The problem with horizontal left-shifts (board wise right) are the possible wraps from the h- to a-file. Vertical up-down shifts simply throw unwanted bits of short diagonals out of the board.

On may compensate the wrap with it's implicite up-shift for determining the occupied 64-state and addressing the attackset. But it requires at least one additional mask after shifting the attack set of the main-diagonal back to the original diagonal. If you need the diagonal mask[sq] anyway, you can go with the double upfill-multiplication of the 1.5KByte approach...

Code: Select all

u64 diagonalAttacks(u64 allPieces, u32 sq) {
   u32 fileNr = sq  &  7;
   maskD  = ( diagonalMask[sq]    &  allPieces );
   occ64  = ( 0x0202020202020202  *  maskD  ) >> 58;
   upfill = ( 0x0101010101010101  *  firstRankAttacks[occ64][fileNr ] );
   return   ( diagonalMask[sq]    &  upfill );
}


Assume we want attacks of c2-bishop on the d1-a4 sub-xdiagonal, FileNr = 2:

Code: Select all

0x0000000001020408 *  0x0202020202020202 =  0x1E1E1E1E1E1C1810

 0 0 0 0 0 0 0 0       0 1 0 0 0 0 0 0       0 1<1 1 1 0 0 0> upper six bit
 0 0 0 0 0 0 0 0       0 1 0 0 0 0 0 0       0 1 1 1 1 0 0 0  = occ64 state
 0 0 0 0 0 0 0 0       0 1 0 0 0 0 0 0       0 1 1 1 1 0 0 0  = 000111B = 7
 0 0 0 0 0 0 0 0   *   0 1 0 0 0 0 0 0   =   0 1 1 1 1 0 0 0
 1 0 0 0 0 0 0 0       0 1 0 0 0 0 0 0       0 1 1 1 1 0 0 0
 0 1 0 0 0 0 0 0       0 1 0 0 0 0 0 0       0 0 1 1 1 0 0 0
 0 0<1>0 0 0 0 0       0 1 0 0 0 0 0 0       0 0 0 1 1 0 0 0
 0 0 0 1 0 0 0 0       0 1 0 0 0 0 0 0       0 0 0 0 1 0 0 0
a1

==> FirstRankAttack[7][2] := 0x0a attack-byte on the first rank
 
 0x0a              * 0x0101010101010101  = 0x0A0A0A0A0A0A0A0A               

                       1 0 0 0 0 0 0 0       0 1 0 1 0 0 0 0
                       1 0 0 0 0 0 0 0       0 1 0 1 0 0 0 0
                       1 0 0 0 0 0 0 0       0 1 0 1 0 0 0 0
                   *   1 0 0 0 0 0 0 0   =   0 1 0 1 0 0 0 0
                       1 0 0 0 0 0 0 0      <0>1 0 1 0 0 0 0
                       1 0 0 0 0 0 0 0       0<1>0 1 0 0 0 0
                       1 0 0 0 0 0 0 0       0 1<0>1 0 0 0 0
 0 1 0 1 0 0 0 0       1 0 0 0 0 0 0 0       0 1 0<1>0 0 0 0


 0x0A0A0A0A0A0A0A0A & 0x0000000001020408 = 0x0000000000020008

 0 1 0 1 0 0 0 0       0 0 0 0 0 0 0 0       0 0 0 0 0 0 0 0
 0 1 0 1 0 0 0 0       0 0 0 0 0 0 0 0       0 0 0 0 0 0 0 0
 0 1 0 1 0 0 0 0       0 0 0 0 0 0 0 0       0 0 0 0 0 0 0 0
 0 1 0 1 0 0 0 0    &  0 0 0 0 0 0 0 0   =   0 0 0 0 0 0 0 0
<0>1 0 1 0 0 0 0       1 0 0 0 0 0 0 0       0 0 0 0 0 0 0 0
 0<1>0 1 0 0 0 0       0 1 0 0 0 0 0 0       0 1 0 0 0 0 0 0
 0 1<0>1 0 0 0 0       0 0 1 0 0 0 0 0       0 0 0 0 0 0 0 0
 0 1 0<1>0 0 0 0       0 0 0 1 0 0 0 0       0 0 0 1 0 0 0 0


Gerd

[Andreas Guettinger]

Nice.
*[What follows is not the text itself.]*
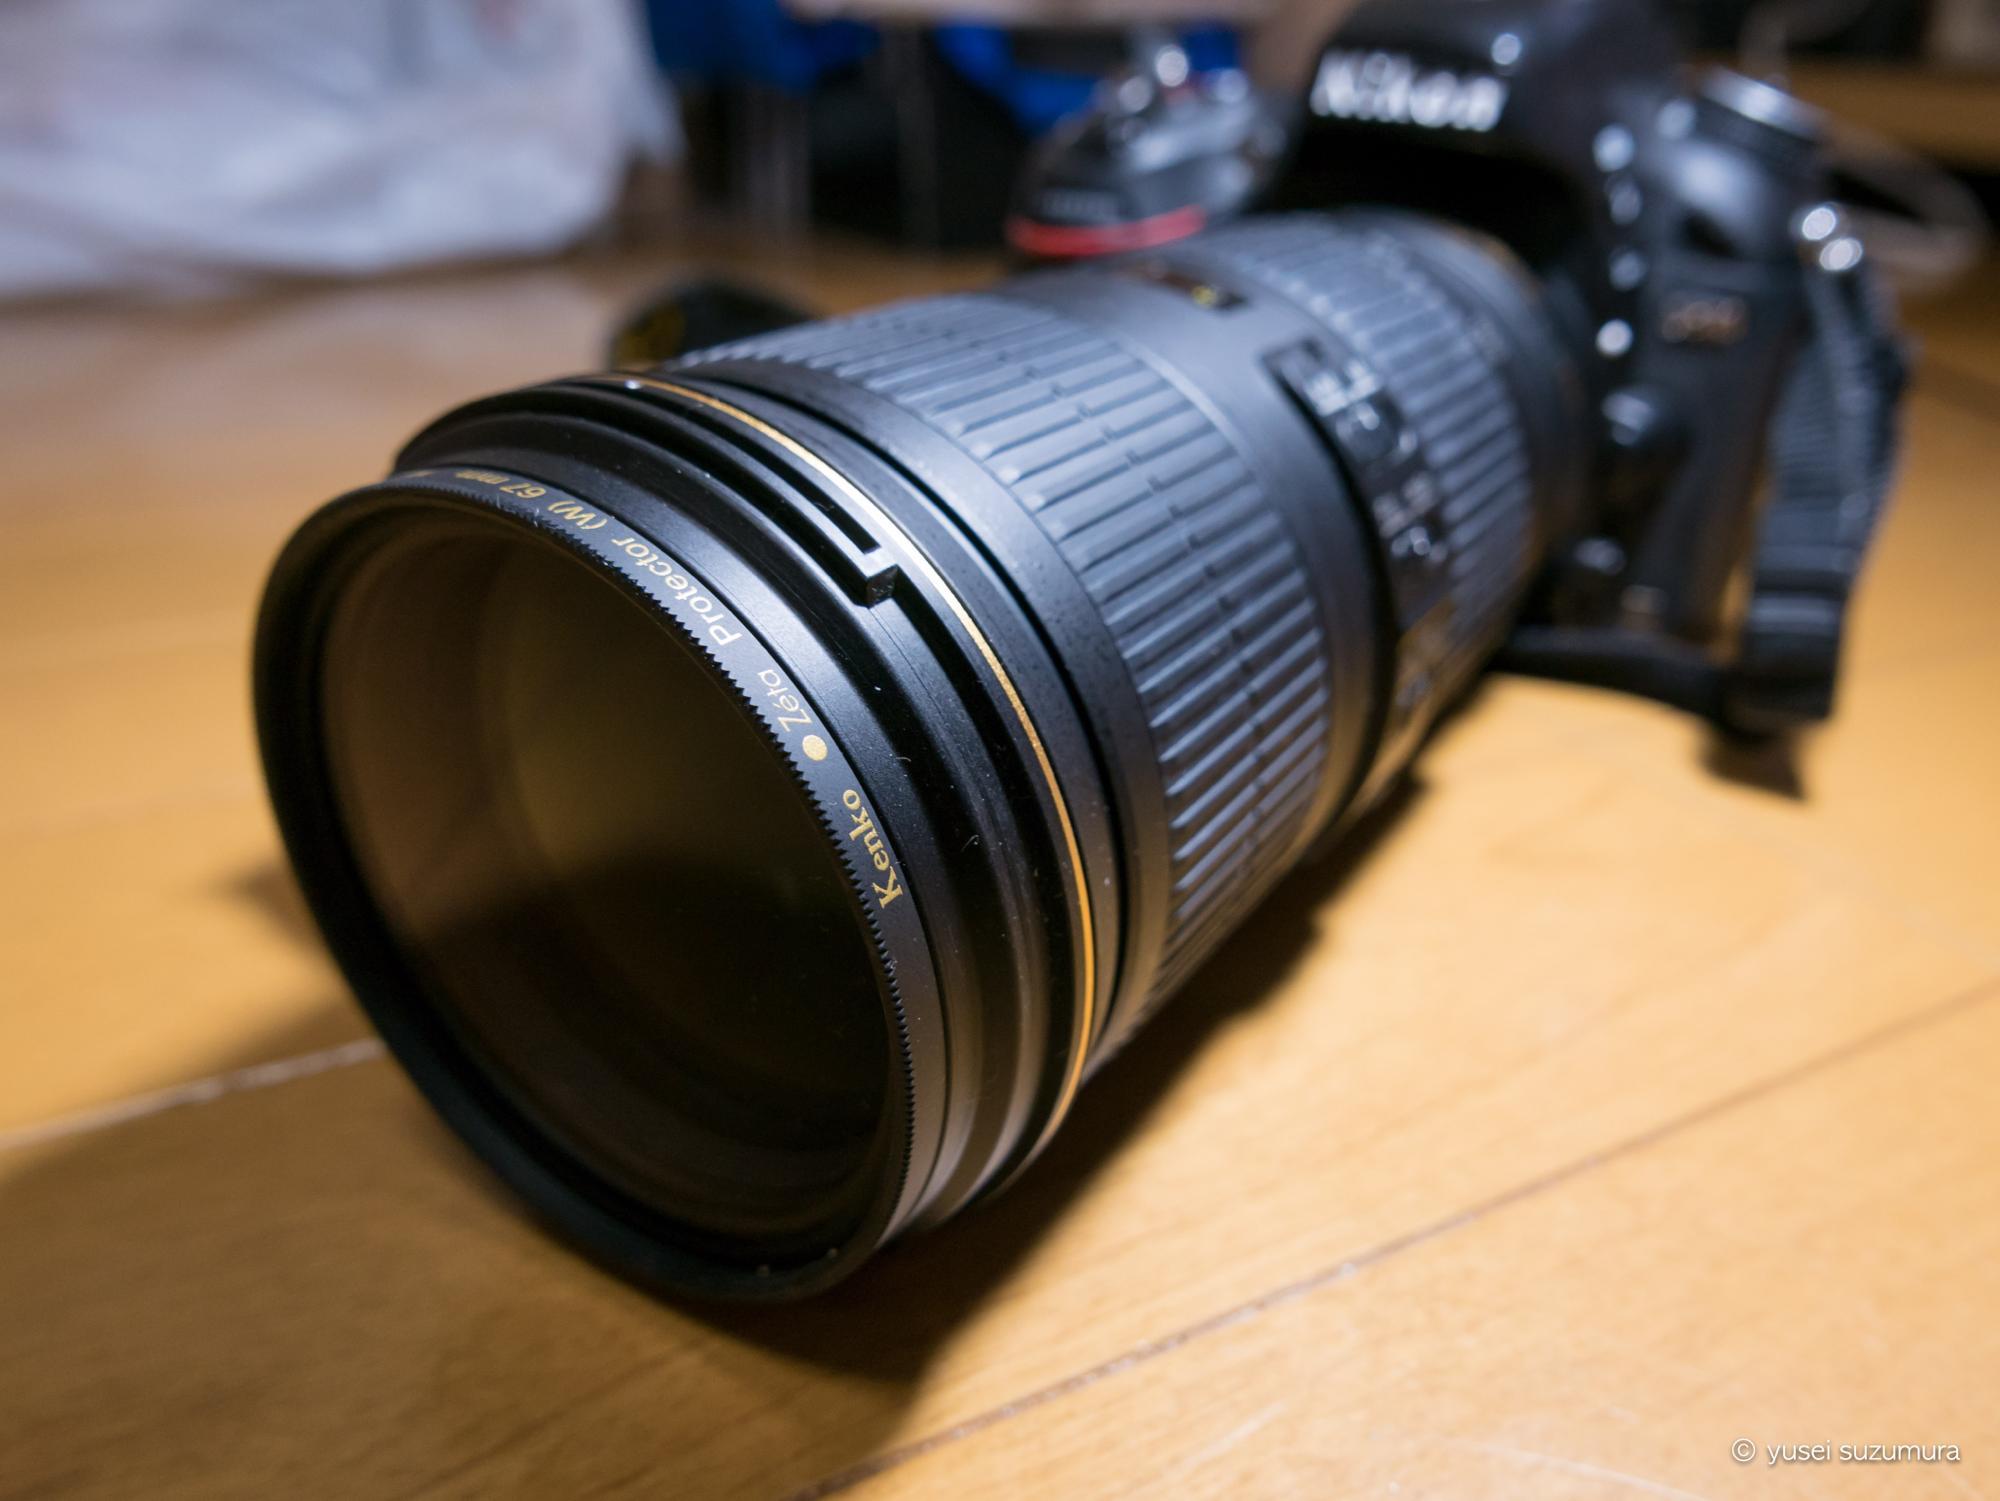 僕が大三元F2.8ではなくAF-S NIKKOR 70-200mm f/4G ED Vを購入した理由

Does that mean with only 3 "magic" numbers and a 8*64 64-bit array plus some masks I can replace the rotated bitboards, or did I get something wrong?
I would like to try this. Is it reasonably fast?

regards
Andy

[Gerd Isenberg]

Nice. Does that mean with only 3 "magic" numbers and a 8*64 64-bit array plus some masks I can replace the rotated bitboards, or did I get something wrong?
I would like to try this. Is it reasonably fast?

regards
Andy

Yes, i think so. See the 64- or 32-bit versions in the Compact Bitboard Attacks thread near the bottom of page 3:
http://wbforum.vpittlik.org/viewtopic.p ... 902&t=4523
http://wbforum.vpittlik.org/viewtopic.p ... 463&t=4523

Memory requirements are 64*8 bytes for the bytewise first rank attack table plus the two 64 bitboard mask-arrays for the diagonals/antidiagonals, thus 1.5KByte in total. One may even thrink the diagonals/antidiagonals lookups down to 15 bitboards each, indexed by the 0..14 diagonal/antidiagonal index, but that requires additional small computation and the masks indexed by square may also needed elsewhere...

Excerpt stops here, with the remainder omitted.